Dr. Metaxas has been conducting research towards the development of formal methods upon which both computer vision, computer graphics and medical imaging can advance synergistically. In computer vision, he works on the simultaneous segmentation and fitting of complex objects, shape representation, statistical model-based tracking, learning, sparsity, ASL and gesture recognition. In particular he is focusing on human body and shape motion analysis, human surveillance, security applications, ASL recognition, behavior modeling and analysis and scalable solutions to large and distributed sensor-based networks. In the area of biomedical applications new methods have been developed for material modeling and shape estimation of internal body parts (e.g., lungs) from MRI, SPAMM and CT data, a pioneering framework for linking the anatomical and physiological models of the human body and deformable models suitable for the automatic diagnosis of heart illness from MRI data. In computer graphics, he introduced the Navier-Stokes methodology for Fluids, based on which the water scenes in the movie ''Antz'' were created in 1998. For this work, his student Nick Foster won a Technical Achievement award from the Academy of Motion Picture Arts and Sciences in 1999. Since then, he is working on new techniques for modeling fluid phenomena, and control theoretic techniques for automating and improving the animation of articulated (e.g., humans) objects. Dr.

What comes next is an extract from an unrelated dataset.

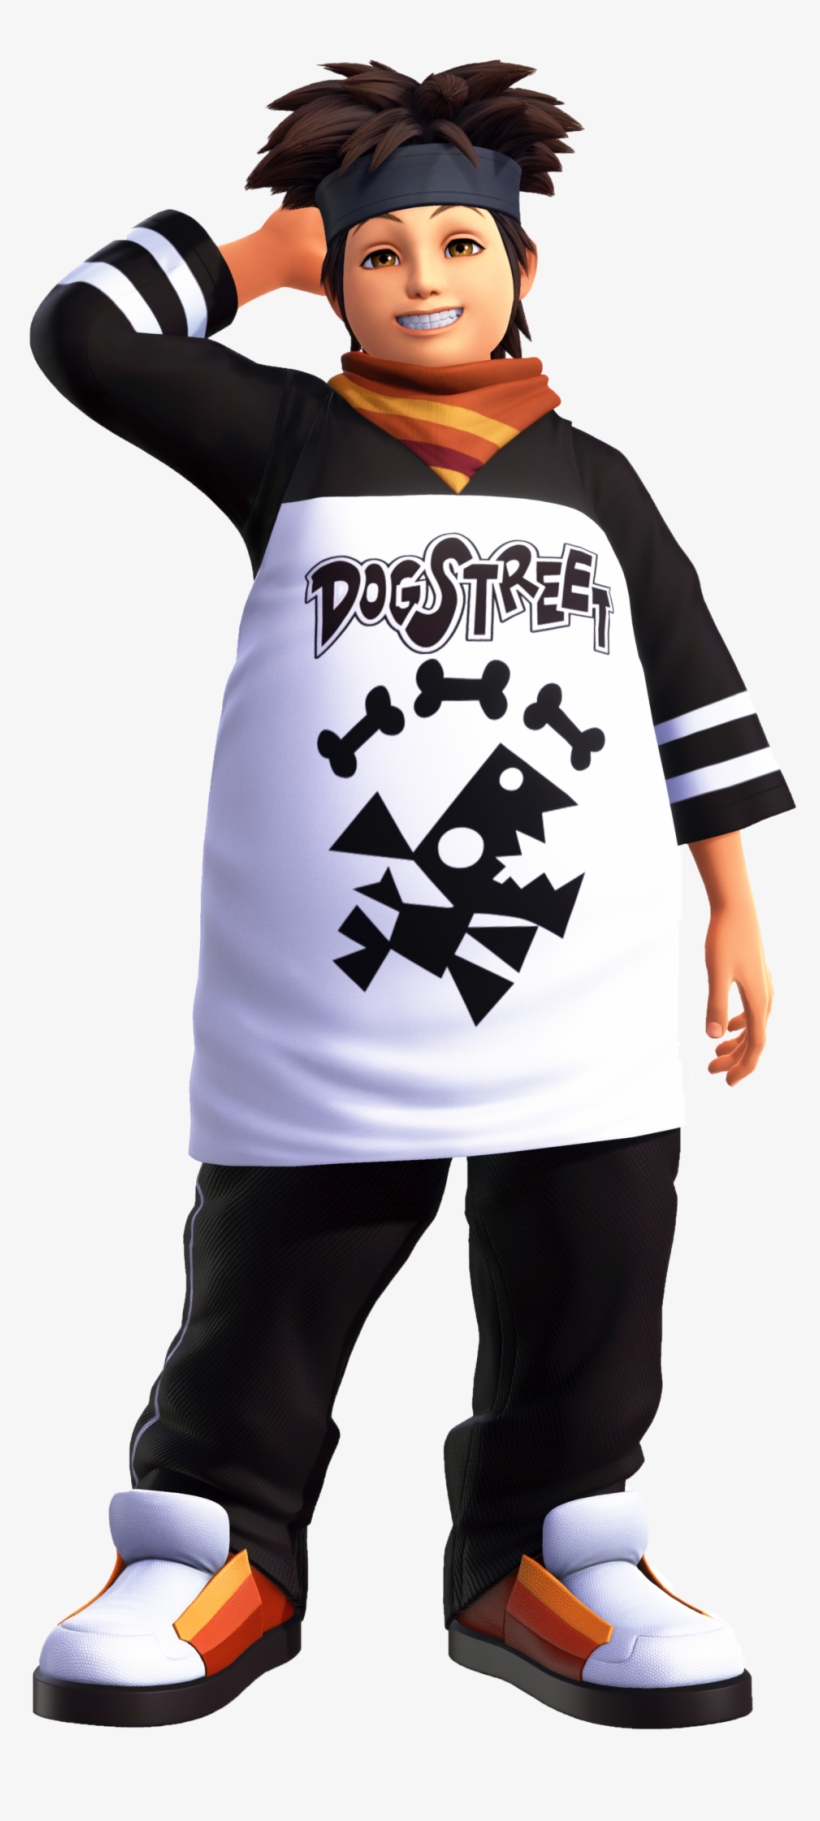 Pence - Kh3 - Dog Street Unisex T-shirt, transparent png #3729384

Metaxas has published over 500 research articles (see google scholar) in these areas and has graduated 42 PhD students. The above research has been funded by NSFNIHONRAFOSRDHSDARPA and the ARO.

Dr. Metaxas has published a book on his research activities titled ''Physics-based deformable models: Applications to computer vision, graphics and medical imaging''  published by Kluwer Academic. He organized the first IEEE Workshop on Physics-Based Modeling in Computer Vision, he is on the Editorial Board of Medical Imaging, as Associate Editor of GMOD, and CAD and is a Co-Editor of the Special Issue of Computer Vision and Image Understanding on Physics-Based Modeling and Reasoning. Dr. Metaxas has received 7 patents and numerous best paper awards for his work on vision, medical imaging and fluid modeling. His student Junzhou Huang won a Young Scientist Award (best paper award) for his work on sparsity from MICCAI 2010 and his recent work  on Histopathologic Image Analysis by his student Menglin Jiang and Shaoting Zhang won a best paper award at MICCAI 2015. Dr Metaxas was awarded a Fulbright Fellowship in 1986, is a recipient of an NSF Research Initiation and Career awards, an ONR YIP, is a Fellow of  IEEE and a Fellow of the  American Institute of Medical and Biological Engineers, and a member of ACM. He was also the Program Chair of  ICCV 2007 (best Computer Vision Conference), a General Chair of ICCV 2011, and CVPR 2014, the General Chair of MICCAI 2008 (best Medical Imaging Conference) and the Senior Program Chair for SCA 2007. He has also organized numerous workshops in his areas or research.